An old time classic- "Two plank wanker"


----------



## CassMT (Mar 14, 2013)

nothing to get back at imo, neither comment is particularly stinging, or funny

if you want to speak on behalf of snowboarding in general to skiing in general just say: "you're welcome"


----------



## ACairngormFace (Oct 6, 2013)

CassMT said:


> if you want to speak on behalf of snowboarding in general to skiing in general just say: "you're welcome"
> 
> [/IMG]


In what context would you say that?


----------



## KansasNoob (Feb 24, 2013)

FRUIT BOOTS!! :laugh:


----------



## KansasNoob (Feb 24, 2013)

ACairngormFace said:


> In what context would you say that?


Lots of tech in skis, like twin tips and wides, was lifted from snowboards.


----------



## CassMT (Mar 14, 2013)

ACairngormFace said:


> In what context would you say that?


the sentence:' If it were not for snowboarding, skiing would be..' can be completed in at least ten different ways

something i have said to a skier on the lift, in a session of 'friendly banter' was: Why the poles? do you have some problem with your balance?


----------



## CassMT (Mar 14, 2013)

KansasNoob said:


> Lots of tech in skis, like twin tips and wides, was lifted from snowboards.

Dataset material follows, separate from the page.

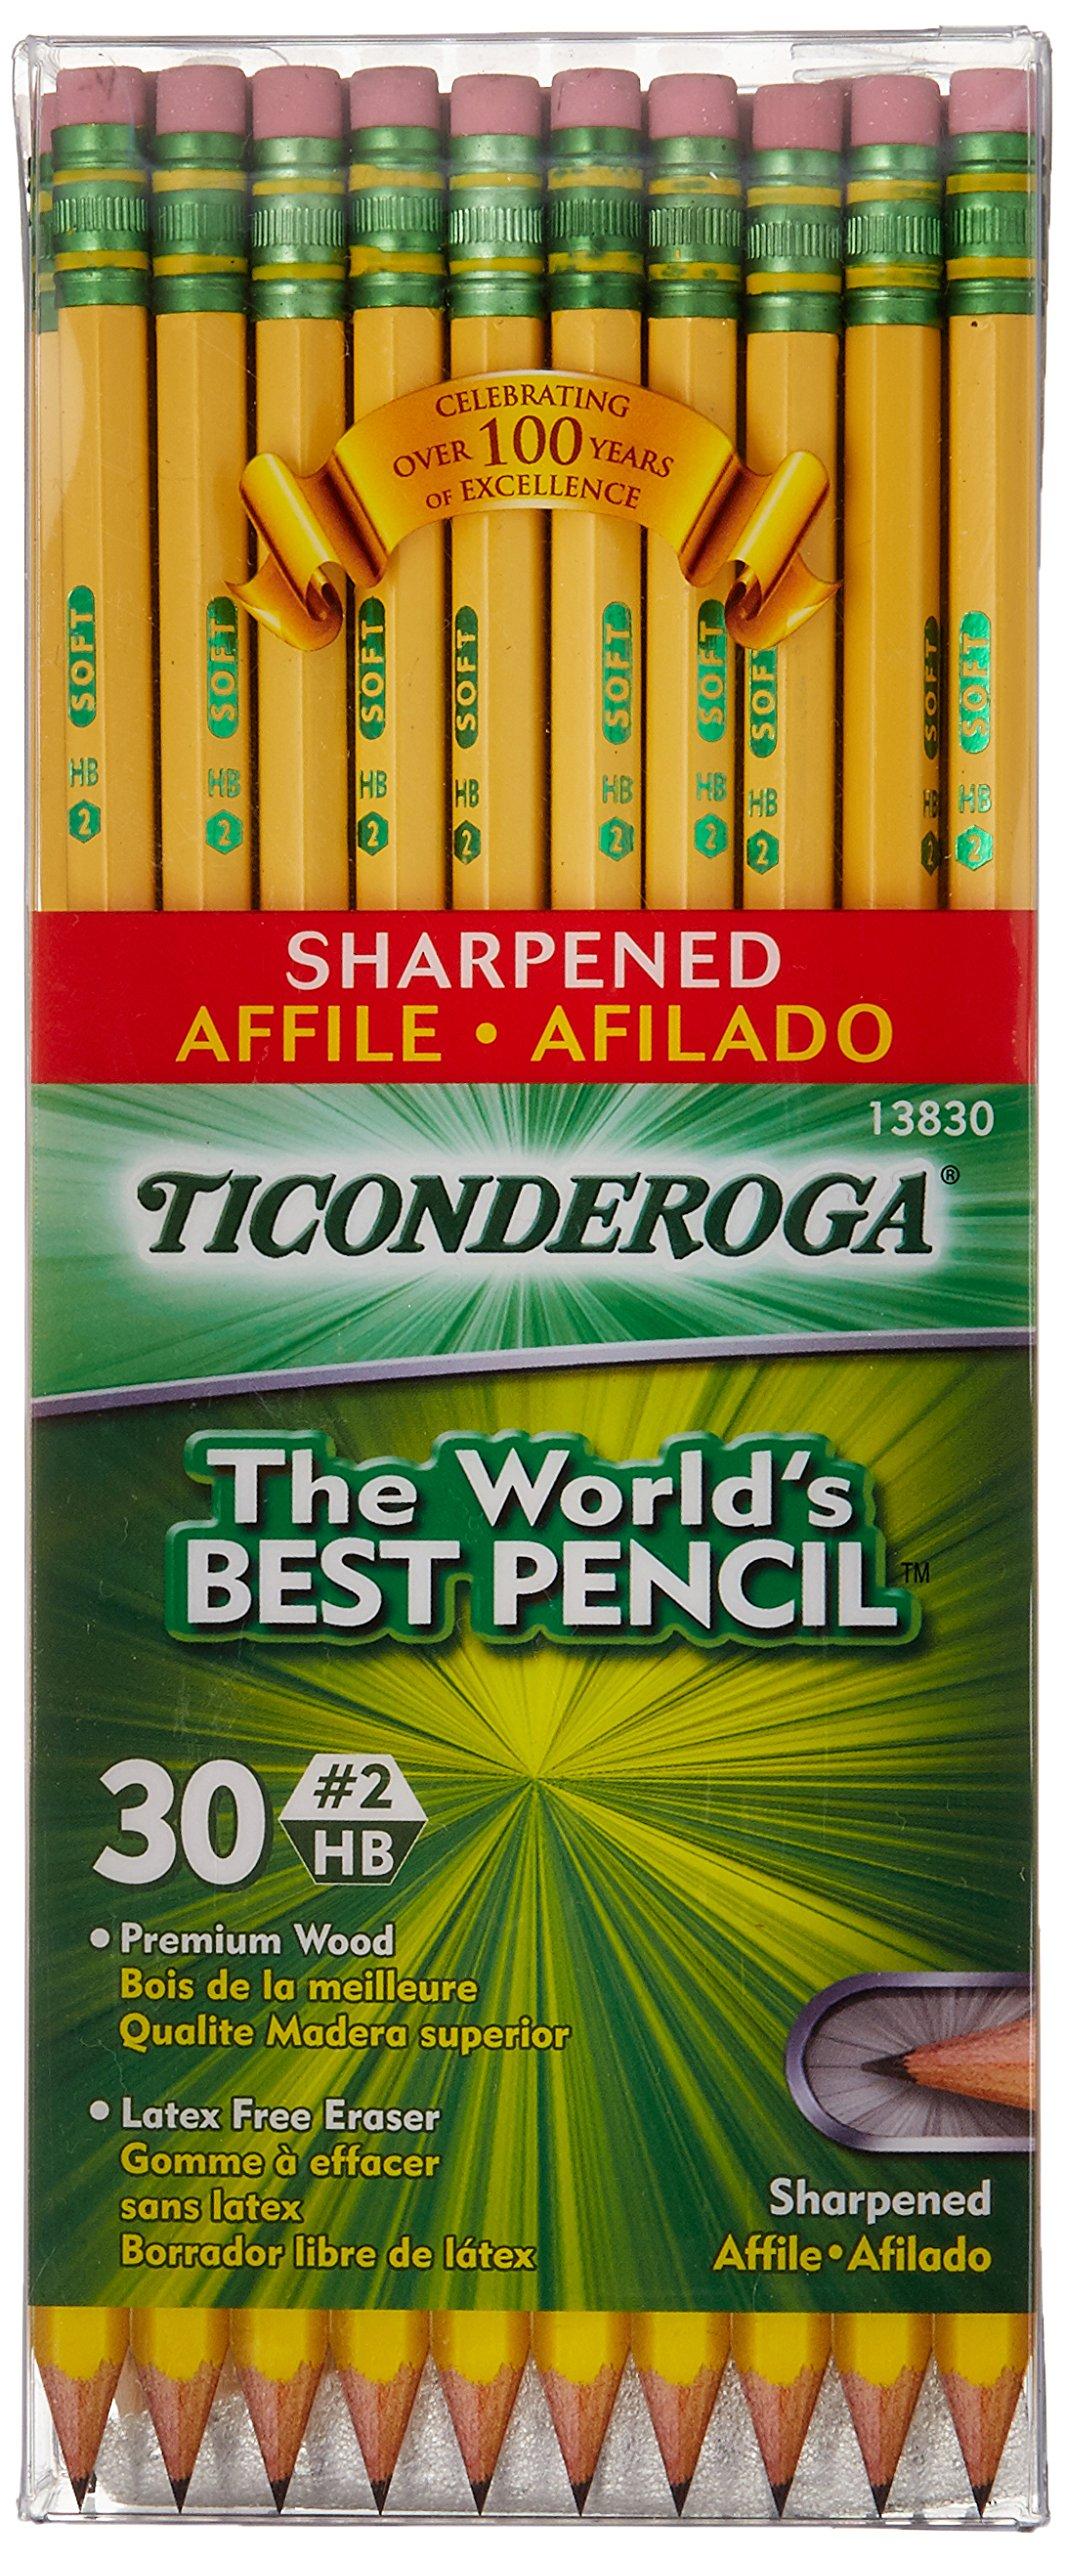 Dixon Ticonderoga Presharpened No. 2 Pencils-Pencils,w/Latex Free Eraser,Presharpened,No 2,30/BX, YW (Wholesale Case of 20) by DIX (Image #1)

not to mention saving 1/2 the resorts from bankruptcy

and in 150 years did a skier ever think of making a halfpipe, or riding switch (maybe some), or skiing street? no


----------



## Mystery2many (Aug 14, 2013)

If I'm on the lift or in a Gond I'll ask them if they eat french fries with their pizza. Its funniest when they don't get it and my friends and I share that inside joke "look".


----------